Anyways, I’ve had her for over a week now. I waited to post about her because there were a few days last week when she was really sick, and I didn’t want to write about her and tell the internet if she wasn’t going to make it. She had a cold, so the vet gave me some antibiotics, which made her throw up all her food. So not only was my cat sneezing, she was also barfing and not eating anything. I was really worried, especially because she is so young. But I stopped giving her the antibiotics, and now she is back to normal (except for a few sniffles).
Now that she’s feeling back to normal and becoming more comfortable in her new home, her personality is beginning to show. She loves to be held, and since I can pick her up and cradle her in one arm, I will often walk about my apartment doing my own thing while she’s perched on my hip in my arm. She follows me around my little apartment, even when I go to the bathroom (she does not like to be locked out of the bathroom, and will sit by the door until I come back). She tried to make a home for herself under my bed, sitting on top of my suitcases, but once I found a new storage spot for those, she no longer likes it under there.

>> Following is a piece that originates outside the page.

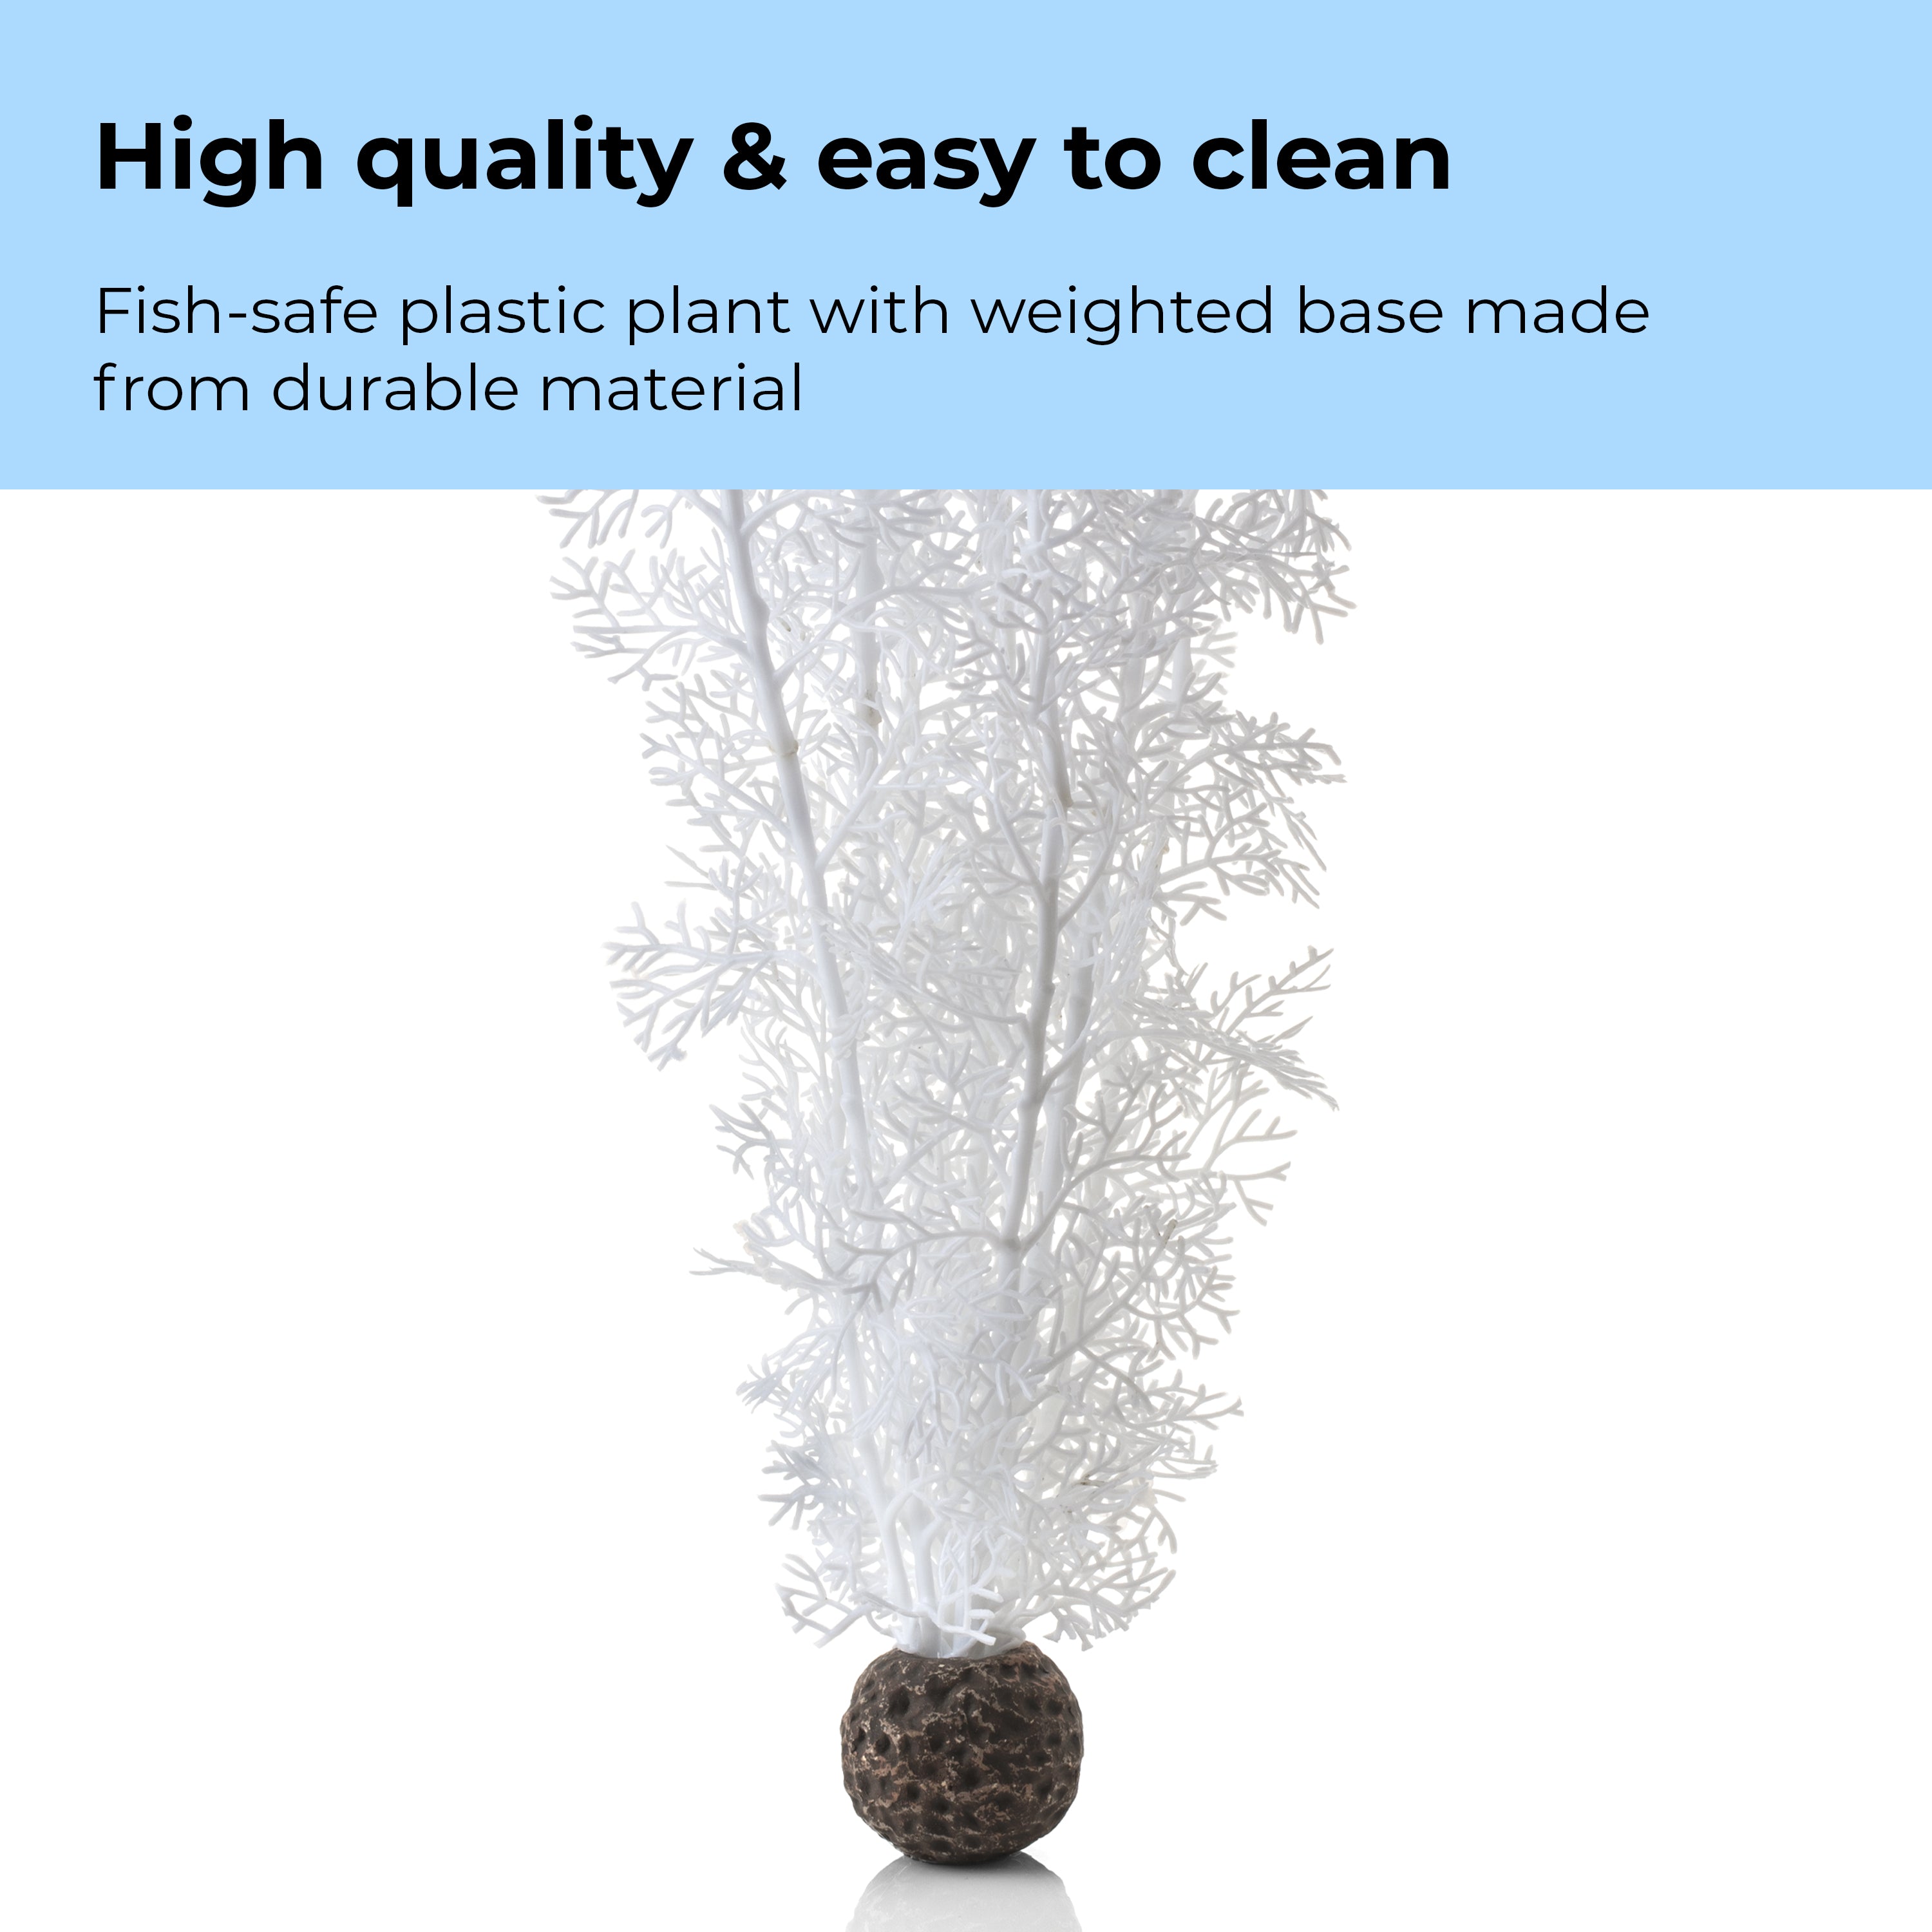 Extra Large Sea Fan - High quality & easy to clean

Having a cat around has been really good for my mental health. Living alone has been pretty challenging, especially now that I am no longer in a relationship, and it feels really nice to be able to come home to someone who needs me. Even if she just needs me for food. But she and I will be together for a very long time. Since cats can live up to 16-17 years, she could be alive for my kids to meet, which is a really weird thought. But right now, she’s the only kid I want, don’t worry!